#### GIVEN INFORMATION:
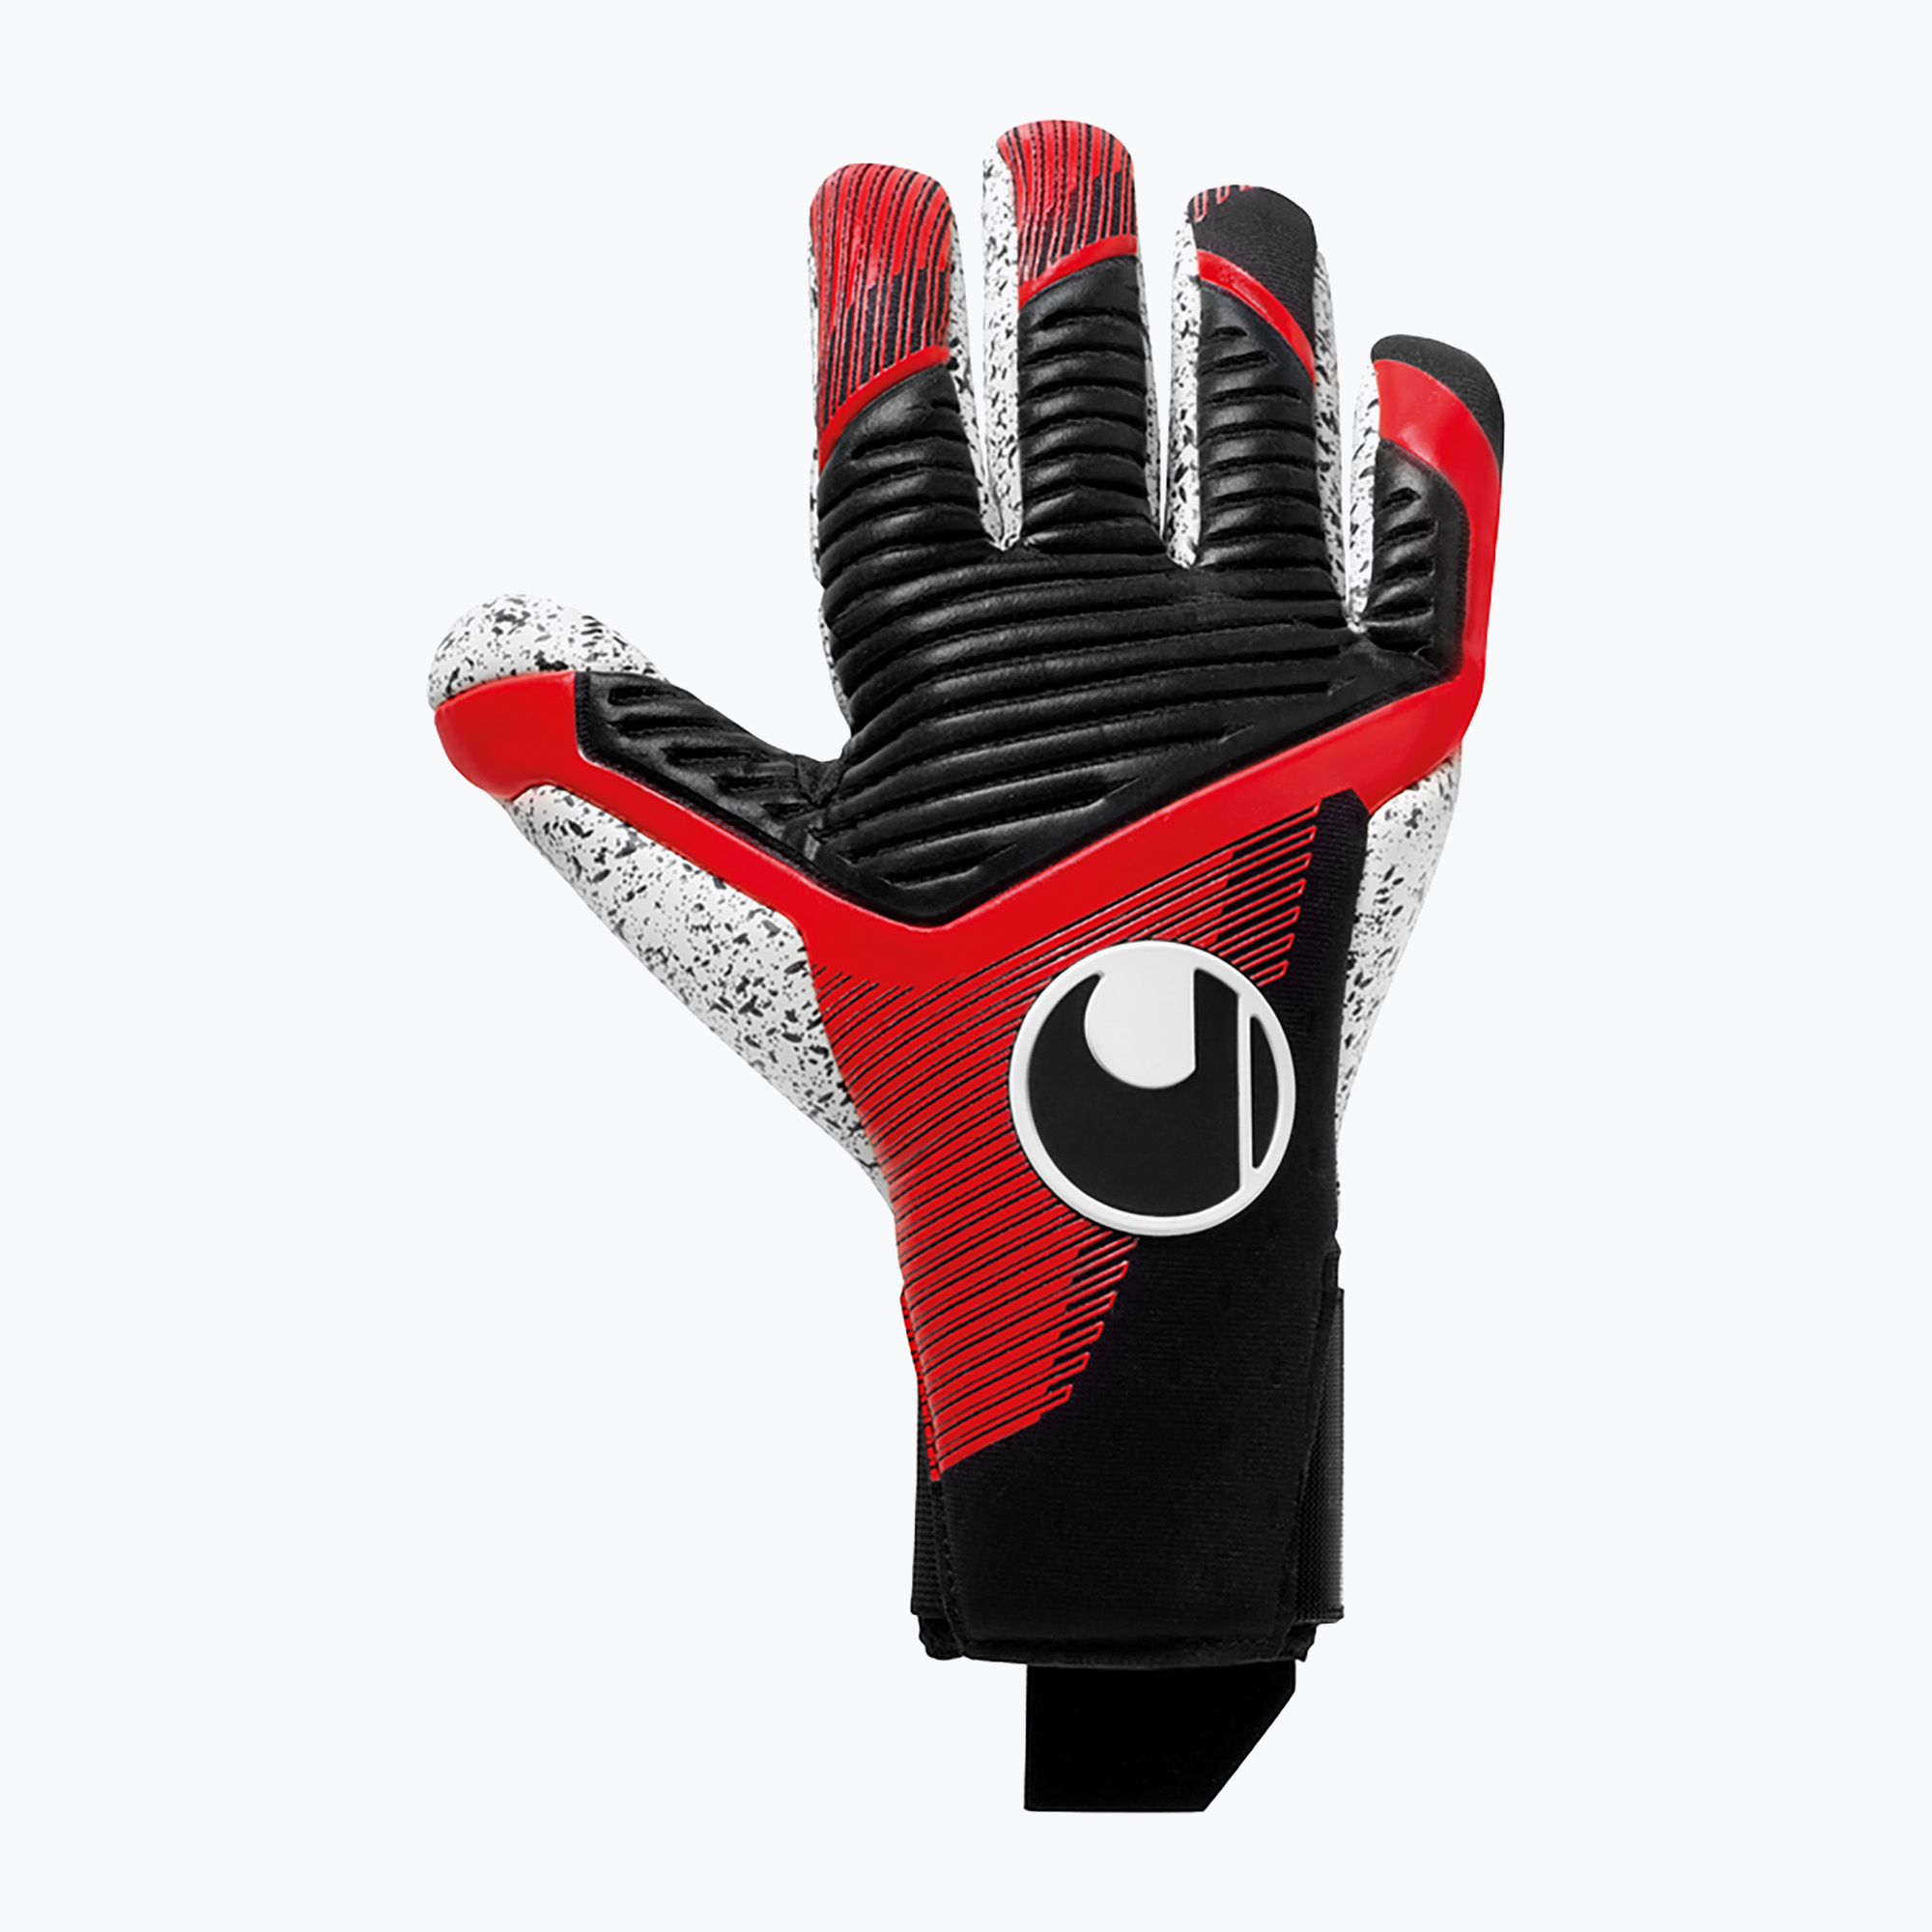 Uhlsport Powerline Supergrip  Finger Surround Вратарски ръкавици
...
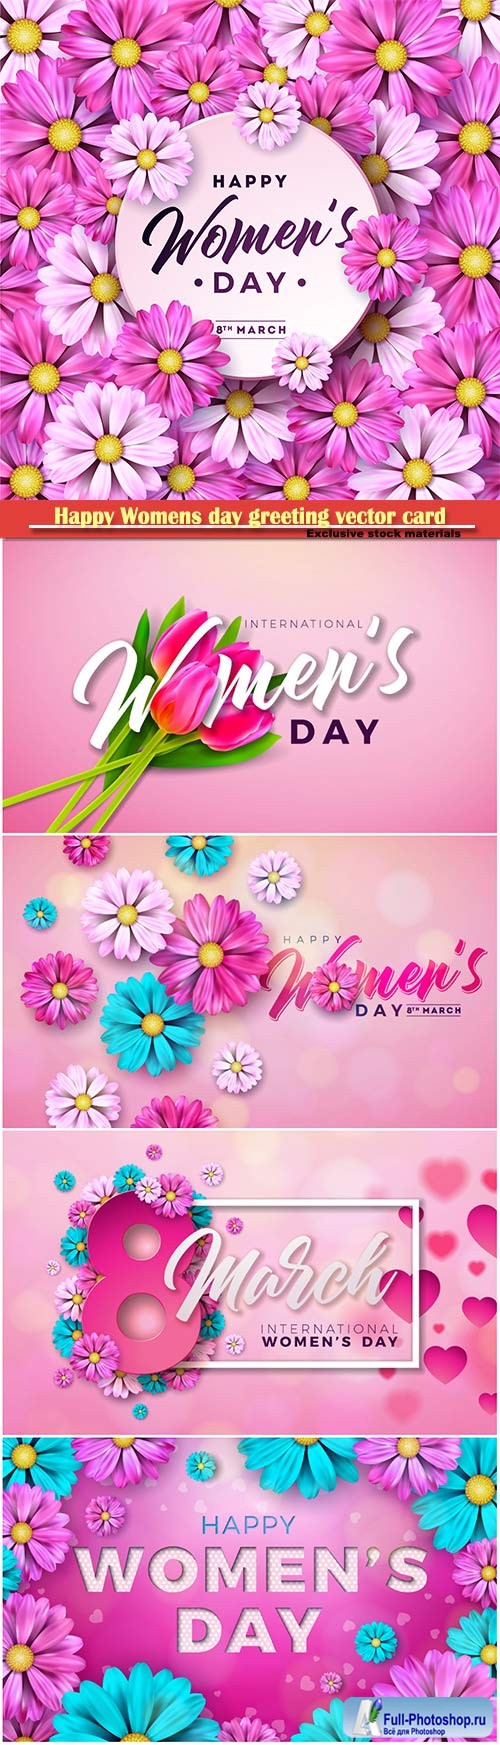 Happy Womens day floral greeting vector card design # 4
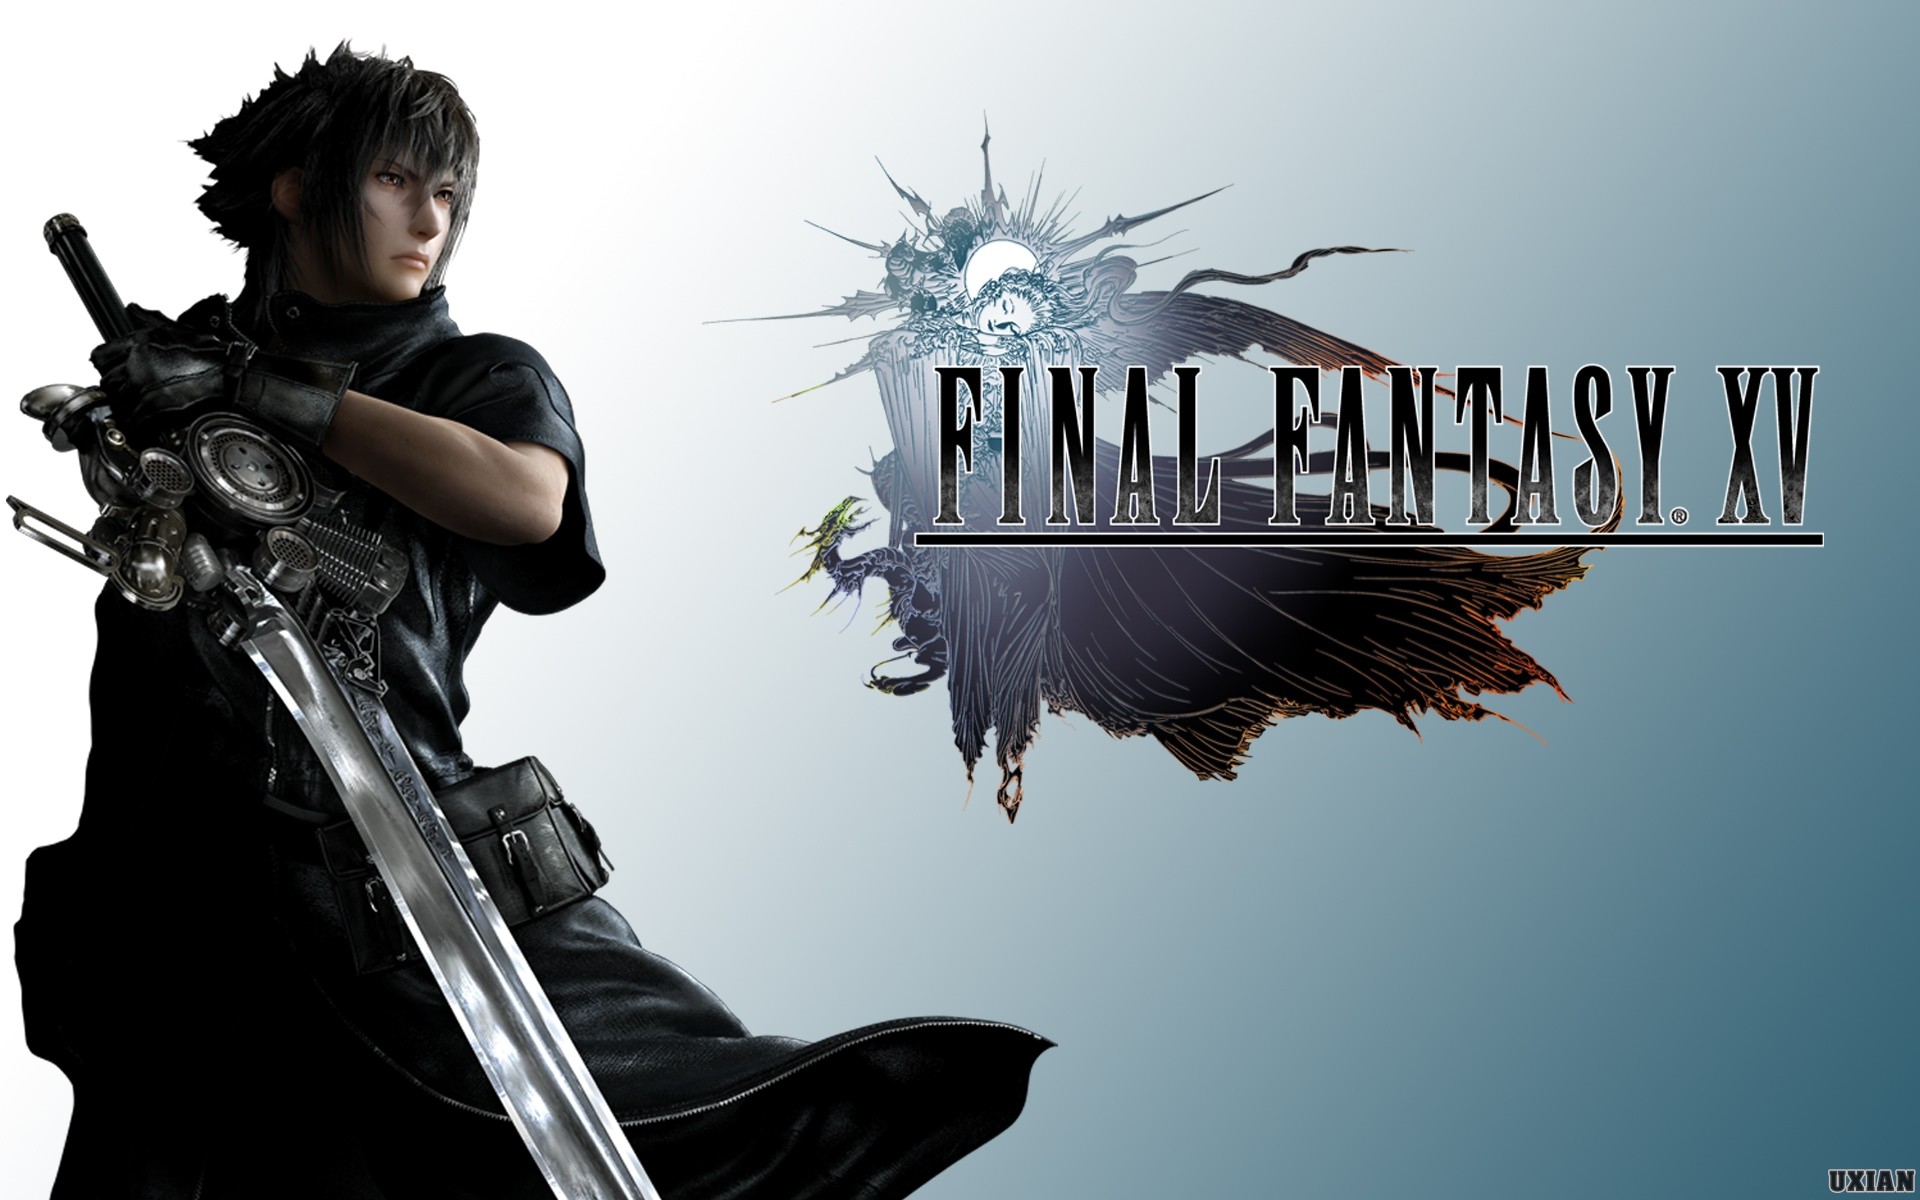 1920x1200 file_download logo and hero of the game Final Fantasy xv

#### WORK REQUEST:
In the listing above, find the line with "Happy Womens day" and the line with "1920x1200 file_download logo". Set down both and every line between them, minus the pictures.

#### REPLY:
 Happy Womens day floral greeting vector card design # 4
 1920x1200 file_download logo and hero of the game Final Fantasy xv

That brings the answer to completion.